There are also reports of Albanians burning the homes of local Serbs and Gypsies in revenge attacks in the town.

Gavrilo Gojkovic, a Serb in Pec, said Kosovo Liberation Army rebels pushed him from his home with guns and a knife at his back.

"This is Kosovo. You have no place here now," he said they told him.

Call for restraint


The BBC's Michael Voss in Pristina: "The latest breakdown in law and order came only hours after Mr Solana left"
The Nato Supreme Commander for Europe, General Wesley Clark, who visited Pristina on Thursday, said he would ask Nato countries to speed up the deployment of peacekeeping troops to Kosovo.

The general, who was visiting the city with the Nato Secretary-General, Javier Solana, said K-For troops would do all they could to protect both communities.
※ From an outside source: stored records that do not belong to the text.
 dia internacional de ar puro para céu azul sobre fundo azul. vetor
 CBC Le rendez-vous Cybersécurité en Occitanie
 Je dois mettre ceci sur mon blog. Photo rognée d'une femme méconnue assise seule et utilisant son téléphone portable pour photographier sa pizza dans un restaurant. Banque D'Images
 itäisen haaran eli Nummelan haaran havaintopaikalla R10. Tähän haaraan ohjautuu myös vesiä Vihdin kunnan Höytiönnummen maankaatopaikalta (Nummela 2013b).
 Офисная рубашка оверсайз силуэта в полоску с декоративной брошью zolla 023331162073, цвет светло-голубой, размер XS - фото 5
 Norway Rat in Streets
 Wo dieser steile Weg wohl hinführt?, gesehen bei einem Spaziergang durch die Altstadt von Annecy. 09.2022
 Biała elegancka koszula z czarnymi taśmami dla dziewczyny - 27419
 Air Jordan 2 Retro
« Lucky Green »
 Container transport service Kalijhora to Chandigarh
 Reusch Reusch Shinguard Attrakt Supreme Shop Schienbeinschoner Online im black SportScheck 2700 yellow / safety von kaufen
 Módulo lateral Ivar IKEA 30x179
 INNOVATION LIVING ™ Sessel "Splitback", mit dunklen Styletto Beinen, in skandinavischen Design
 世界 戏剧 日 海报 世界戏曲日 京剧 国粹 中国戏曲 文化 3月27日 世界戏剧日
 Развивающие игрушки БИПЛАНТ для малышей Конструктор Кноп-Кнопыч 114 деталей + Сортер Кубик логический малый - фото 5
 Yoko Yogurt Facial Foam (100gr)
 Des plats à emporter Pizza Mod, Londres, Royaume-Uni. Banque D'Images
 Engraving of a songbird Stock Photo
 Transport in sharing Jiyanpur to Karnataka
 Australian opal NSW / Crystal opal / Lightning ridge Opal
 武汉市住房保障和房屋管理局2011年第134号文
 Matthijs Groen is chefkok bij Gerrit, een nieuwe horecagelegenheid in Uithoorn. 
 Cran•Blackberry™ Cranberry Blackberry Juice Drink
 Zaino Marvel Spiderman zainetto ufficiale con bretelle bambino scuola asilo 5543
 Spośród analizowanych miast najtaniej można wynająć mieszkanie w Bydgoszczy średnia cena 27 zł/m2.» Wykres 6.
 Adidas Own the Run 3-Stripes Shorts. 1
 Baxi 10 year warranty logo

The United Nations spokesman, Fred Eckhard, says more than 3,000 police are urgently required by the peacekeeping mission in Kosovo.

(Click here to see a map showing refugee movements)

More troops on the way

The upper house of the Russian parliament has approved the sending of more troops to serve alongside the K-For peacekeepers.

Under an agreement with Nato, Russia will send 3,600 troops to Kosovo, who will serve in the American, French and German sectors.

Thousands of British troops are to be put on permanent standby on Friday to take part in UN peacekeeping operations.

The war in Kosovo
At a meeting with UN Secretary General Kofi Annan, UK Foreign Secretary Robin Cook said Britain would become the first major military power to make soldiers available at all times to join UN missions.

Refugees returning

A record 50,000 Albanians returned to Kosovo on Thursday, according to the UN refugee agency, the UNHCR.

The influx brings to more than 300,000 the number of refugees who have gone home since peacekeepers moved into the province.

They have ignored appeals by aid workers not to return until troops have cleared landmines, booby traps and unexploded weapons in the province.

The UNHCR is now organising bus and lorry services for refugees still in camps in Macedonia and Albania who have no transport of their own.

Services to towns declared secure by K-For, such as Pristina, Prizren and Urosevac, could start as early as Monday, the UNHCR said.